# Roof Rack vs Boot Rack



## Lefire (21 Aug 2007)

I am about to change my car from a Honda CRV to an Audi A4. 
I have been able to put a couple of bikes in the boot in the Honda (with wheels off) and still have plenty of room for people / bags / etc on the back seats.

I am not going to have this luxury in the new car.

Pros and Cons of a roof rack vs boot rack ?

Do they both eat up the fuel economy as much as each other ?
what do you use and any that stand out as being so much better than the others ?

Thanks


----------



## Arch (21 Aug 2007)

There's some dicussion here:

http://www.cyclechat.co.uk/forums/showthread.php?t=2202

Main pros and cons for me are quite simple. I cannot lift a bike, even a light one, onto the roof of a car without something to stand on, because I'm on the short side, and have little upper body strength. I would choose the rear rack because it's easy to fit and remove, can be transferred from car to car (I don't have a car at the moment, but in the past it's been useful to be able to bung a bike on pretty much any of my mates cars), and easy to get the bike on. 

I realise that these may not apply to you - you're thinking of a specific car, and you're almost bound to be taller and stronger than me...

Just remember if the bikes are on the roof, to watch out for low car park entrances etc...

It also probably depends on how much you will want to use it. Fitting a rear rack maybe a bit of a faff for everyday....


----------



## Arch (21 Aug 2007)

There, that's classic forumming - two perfectly sensible correct replies, giving the opposite answer!


----------



## Lefire (21 Aug 2007)

In deed they were sensible replies. Wasn't expecting it as I spend most of my time on here reading in CycleChat Café.

Thanks for the reply though. Need more opinions to sway the descision though.


----------



## mosschops2 (21 Aug 2007)

How many bikes will you be carrying? You'll struggle to get more than two on a boot carrier - and personally I get concerned about the amount of weight and strain you put on the boot - especially when you crank the straps in really tightly. Clearly boot access is a problem - normally impossible.

Lifting bikes above head height to fasten etc is clearly an issue - although on my boot carrier (Corolla Verso) this is not much better - as Mrs M still doesn't have the reach to lift the cross bar up to 6 foot. However if you're sticking 3 bikes on the roof - I get the feeling that I'd like to have a mini step ladder to help!!

So to add to the confusion, what I am intending to do, once my requirement is to carry 3 or 4 sensibly sized bikes is to fit a tow bar, and get a tow bar carrier, which will allow boot access too.
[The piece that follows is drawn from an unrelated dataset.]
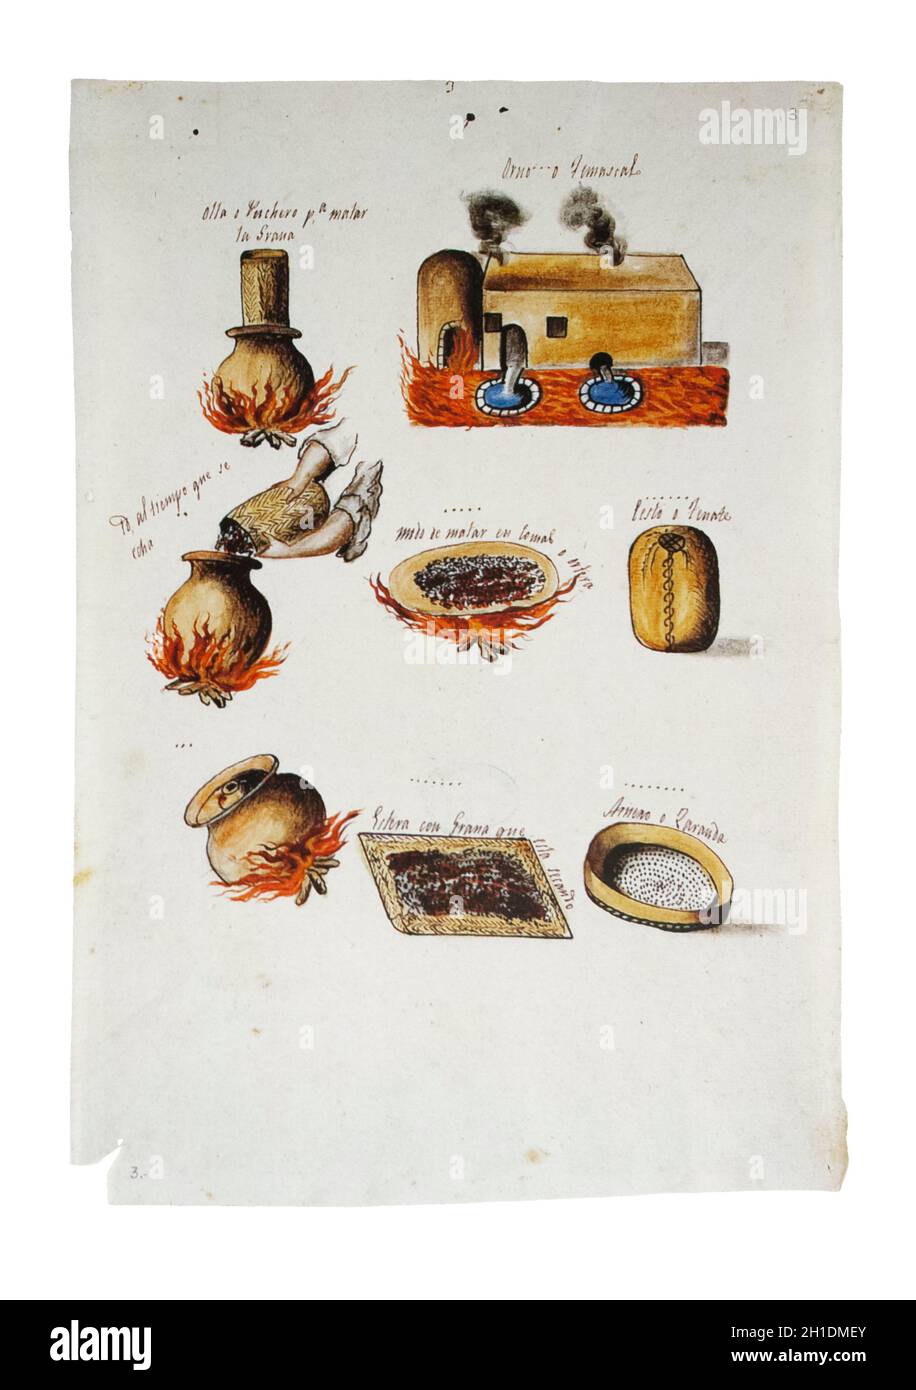 Produzione coccineale in Messico, 1821. Illustrazione del processo. Archivio Generale delle Indie, Siviglia, Spagna Foto Stock
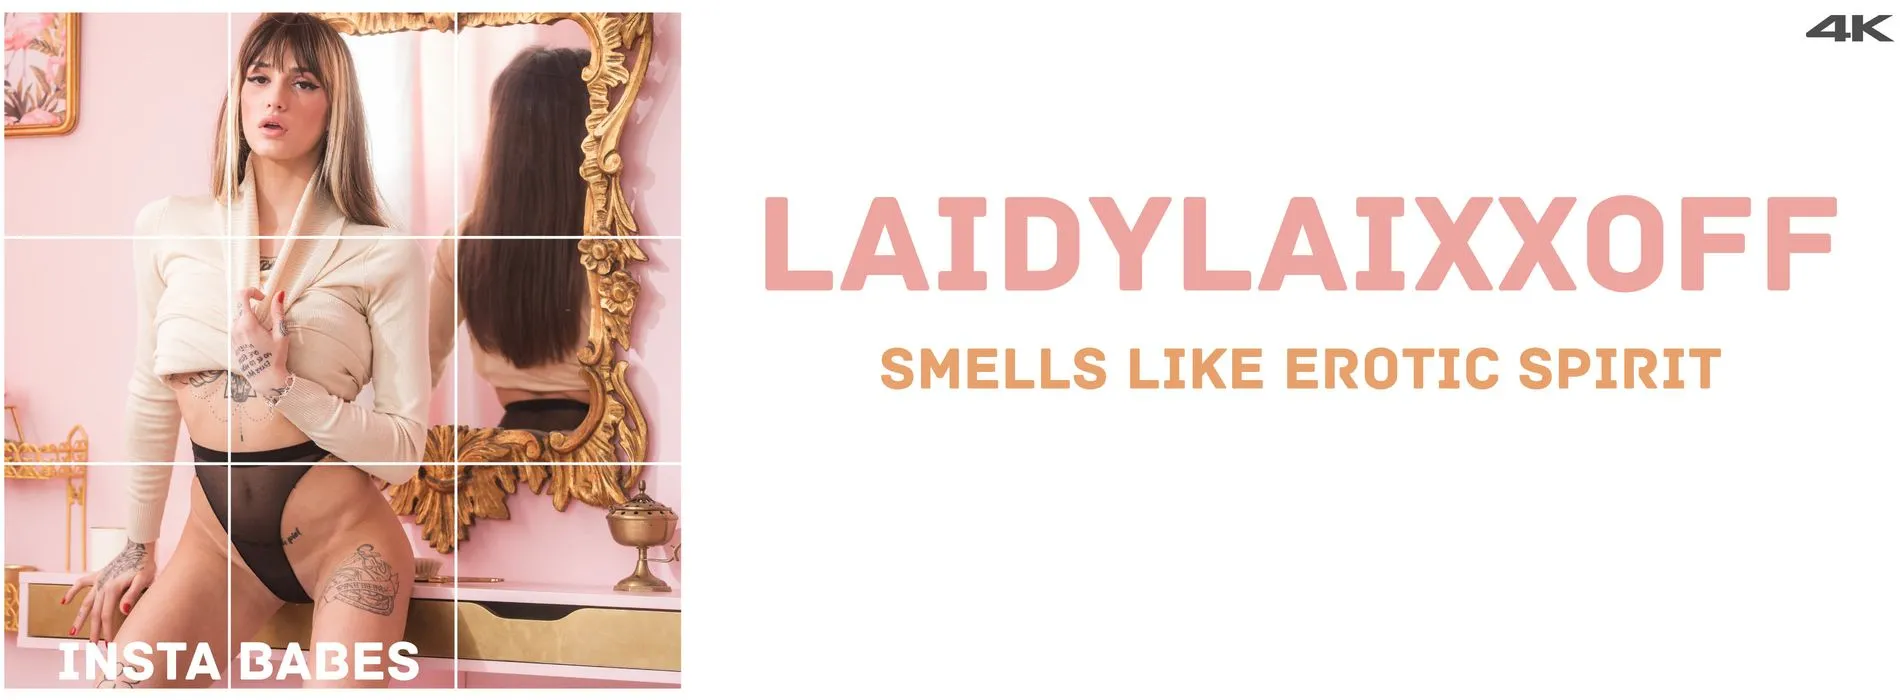 Laidylaixxoff Smells Like Erotic Spirit

This, whilst not answering your question, and adding as Arch mentioned to the forumming conflict of opinion, will mean a) easy lift on / off  boot access c) can carry more than 3/4 bikes d) no damage to car e) secure etc etc

Hope that helps!!!


----------



## wafflycat (21 Aug 2007)

If you have a tow bar, get a tow bar-mounted bike carrier. Best thing I ever did in terms of ease of transporting several bikes by car is to get a tow bar fitted and purchase a bike carrier that goes on that. I've got a Tradekar SilverbikeII with third bike adapter. It's so easy to fit that even I, a mere girlie, can fit the carrier on the tow bar and it's simple to fit the bikes *securely* so they are as solid as a rock on there. Plus it's got a tilt mechanism so that even with the bikes on it, if I require access to the boot, I can tilt it and open the boot. It's an excellent bit of kit.

See here

but I got mine from here

Indeed I recommend roofbox.co.uk as knowing what they are doing - happy to deal with all sorts of queries and make sure you get the right product to fit your vehicle.


----------



## Arch (21 Aug 2007)

[QUOTE45975][quote name="]There, that's classic forumming - two perfectly sensible correct replies, giving the opposite answer![/quote]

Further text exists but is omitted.